Wow!  Where does the Rat part come in?

dherr
dherr Reader
2/20/18 9:23 a.m.

Scope creep..... the rat part was that this was supposed to be an engine swap in my old Spitfire. I will be keeping the old body and paint as part of the project, but the truth is this is a fully restored car under the "patina" of the Spitfire body. The Spitfire body will be rust free and have new floors and be coated with bed liner and bolted back on the restored chassis. So the goal is that this looks like an old "survivor" Triumph with some nice wheels on it. But in true "wolf in sheep's clothing" style, it  will be packing over 4 times the power of a stock Spitfire and have a rear suspension capable of handling the power. Acceleration calculators are showing around 4.5 second 0-60 times. It is going to be fun to lift the hood on this at the Import Show at Carlisle this year and see the reaction.

AWSX1686
AWSX1686 Dork
2/20/18 9:29 a.m.

In reply to dherr :

Oh fun! So the goal is driving before Carlisle? My goal is also to have mine running fairly well in time for Carlisle!

Ian F
Ian F MegaDork
2/20/18 9:31 a.m.

That'll be awesome if you can make it to Carlisle.  I'm planning to have my GT6 there along with the rest of the area NASS crew.  A whole row of Spits with the bonnets up is a fun thing to do.  Hope you will join us? 

dherr
dherr Reader
2/20/18 9:34 a.m.

So the challenge has been laid down! Gentlemen, start your engines! Okay, guess I need to get back to the garage and do a little more work. I do think I can get this on the road by May, the chassis will be completely done by the end of the month and then I just need to do the body, which is not too big of a deal since it is just limited to cutting out the floors and welding in the new pieces and then just painting and applying the bed liner to underneath and bolting the body back down. Then I can do the wiring and get it running and then hook up the remaining systems, but the bulk of the work will have been done. 

dherr
dherr Reader
2/20/18 9:38 a.m.
Ian F said:

That'll be awesome if you can make it to Carlisle.  I'm planning to have my GT6 there along with the rest of the area NASS crew.  A whole row of Spits with the bonnets up is a fun thing to do.  Hope you will join us? 

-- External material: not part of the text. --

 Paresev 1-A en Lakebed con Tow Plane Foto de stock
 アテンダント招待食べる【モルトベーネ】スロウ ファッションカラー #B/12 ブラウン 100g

Yes, I plan on joining the  NASS club at the show, It does not appear to be current on the web site?

Ian F
Ian F MegaDork
2/20/18 9:40 a.m.

Cool.  Now we just need to talk foxtrapper into bringing his Spit out of the shed and parking with us and we can have a good "GRM-Spitfire (and a GT6)" gathering.   I'll see if I can get a friend to drive my Spitfire as well, then Doc Brown will also be represented in a distant way. 

JoeTR6
JoeTR6 HalfDork
2/20/18 9:51 a.m.
dherr said:

 I was not planning on running a PWDA (don't think they are on a 72?)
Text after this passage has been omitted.